Data mining, also known as knowledge discovery in databases, consists in extraction of interesting (non-trivial, implicit, previously unknown and potentially useful) information from large databases. The main aim of data mining is to give organizations tools to sift through large databases to find the trends, patterns, and correlations that can guide strategic decision making. An important data mining problem is discovery of sequential patterns in large databases. Sequential pattern mining is the mining of frequently occurring patterns related to time or other sequences. For example, typical patterns that may be discovered are as follows: "A customer who bought a TV three months ago is likely to order a new VCR within one month" or "typical user's visit to a web server is the following page A, then page C, then page D". Formally, the sequential pattern discovery problem may be formulated in the following way: given a database D of sequences, find the maximal sequences among all sequences that have a certain user-specified minimum support. However, new applications emerging from the wide spread use of WWW and data mining create processing needs for advanced query processing on sequences. For example, we would like to search web access logs stored in relational database for user's sequences that support a given sequential pattern: "identify all users which access a web server in a similar way to a sequence q". For large data volumes this type of retrieval may be extremely time consuming and is not well supported by traditional indexing techniques.

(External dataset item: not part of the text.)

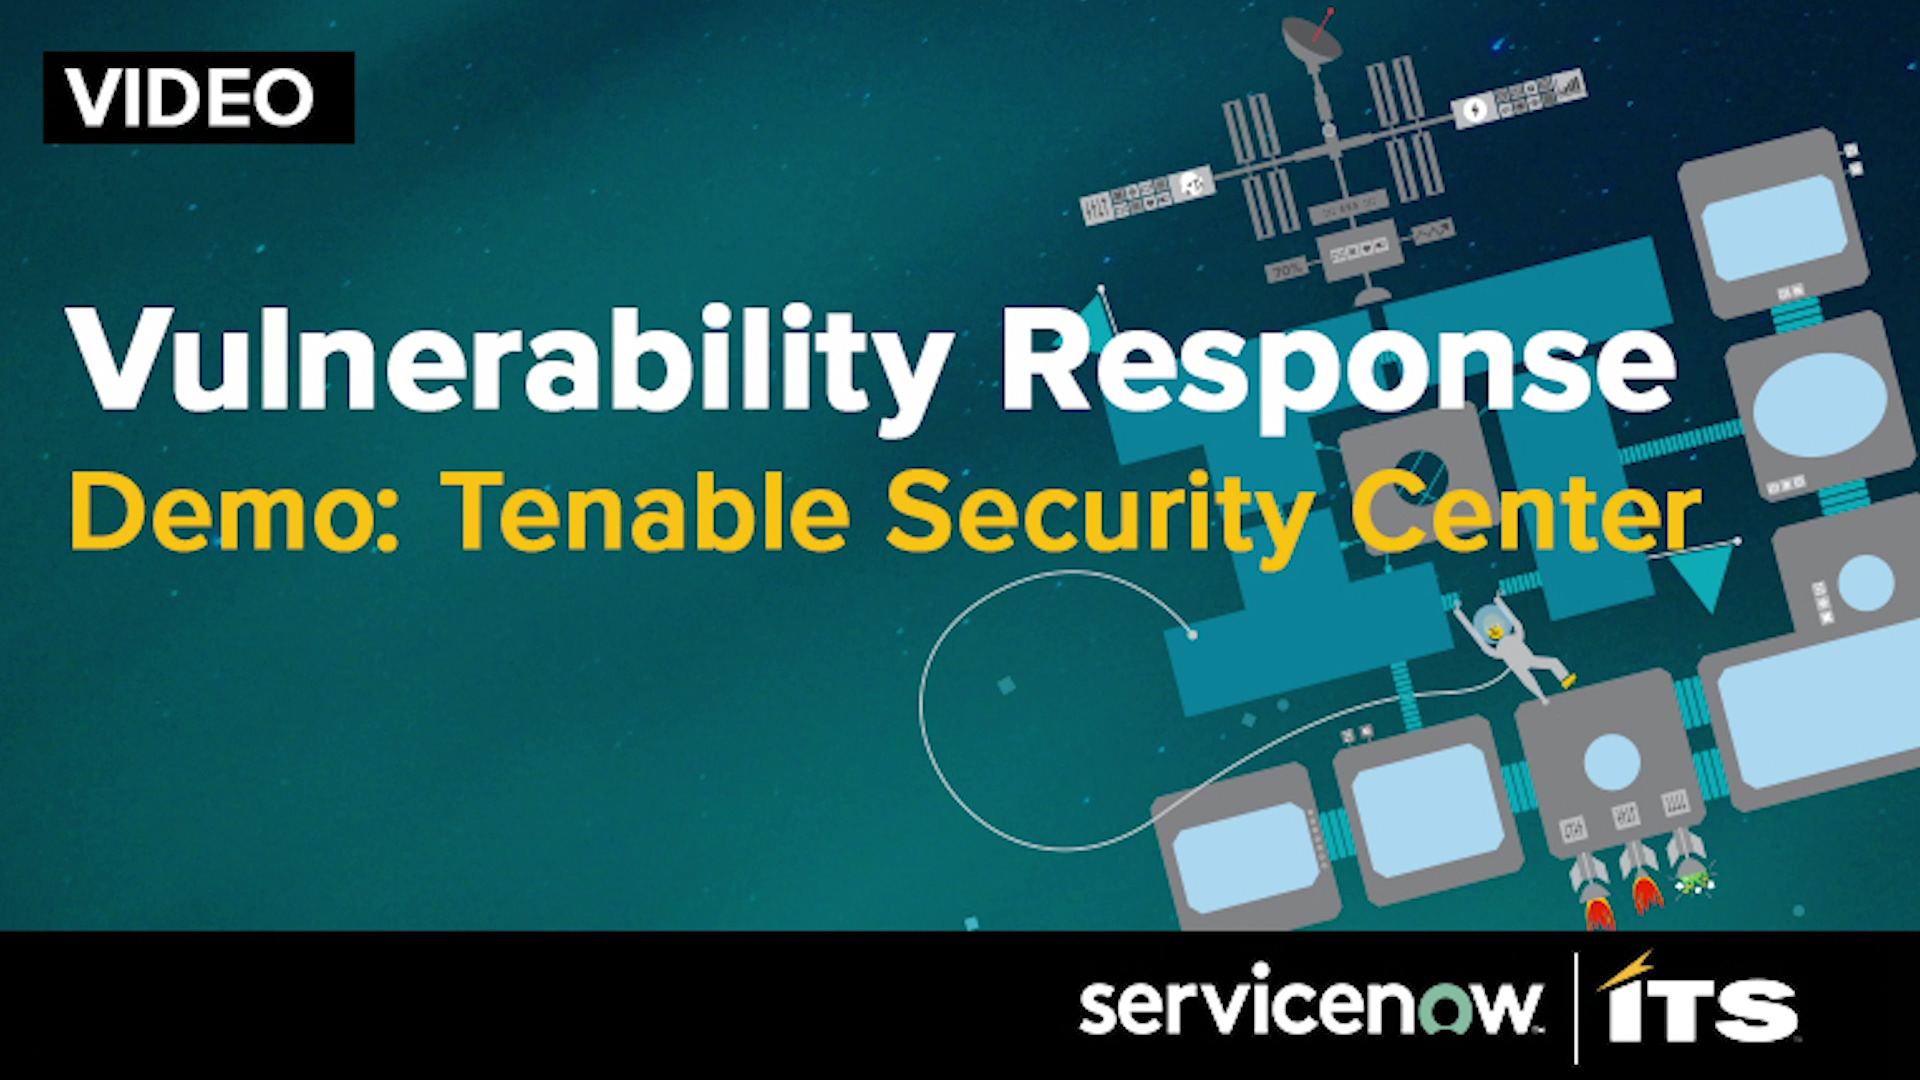 Vulnerabiltiy Response - Tenable Security Center Demo

The talk will present the concept of a new index structure to optimize pattern search queries on a database of sequences. First, the set retrieval problem will be stated and the Group Hash Bitmap Index will be presented. Then, the talk will present a new index structure to optimize sequence search queries (called pattern queries). The talk will focus on its physical structure, maintenance and performance issues.
Speaker: Prof. Tadeusz Morzy
TU Poznan / Poland
When: Friday, 14th of June 2002, 15:30 (s.t)
Where: HS10, University Klagenfurt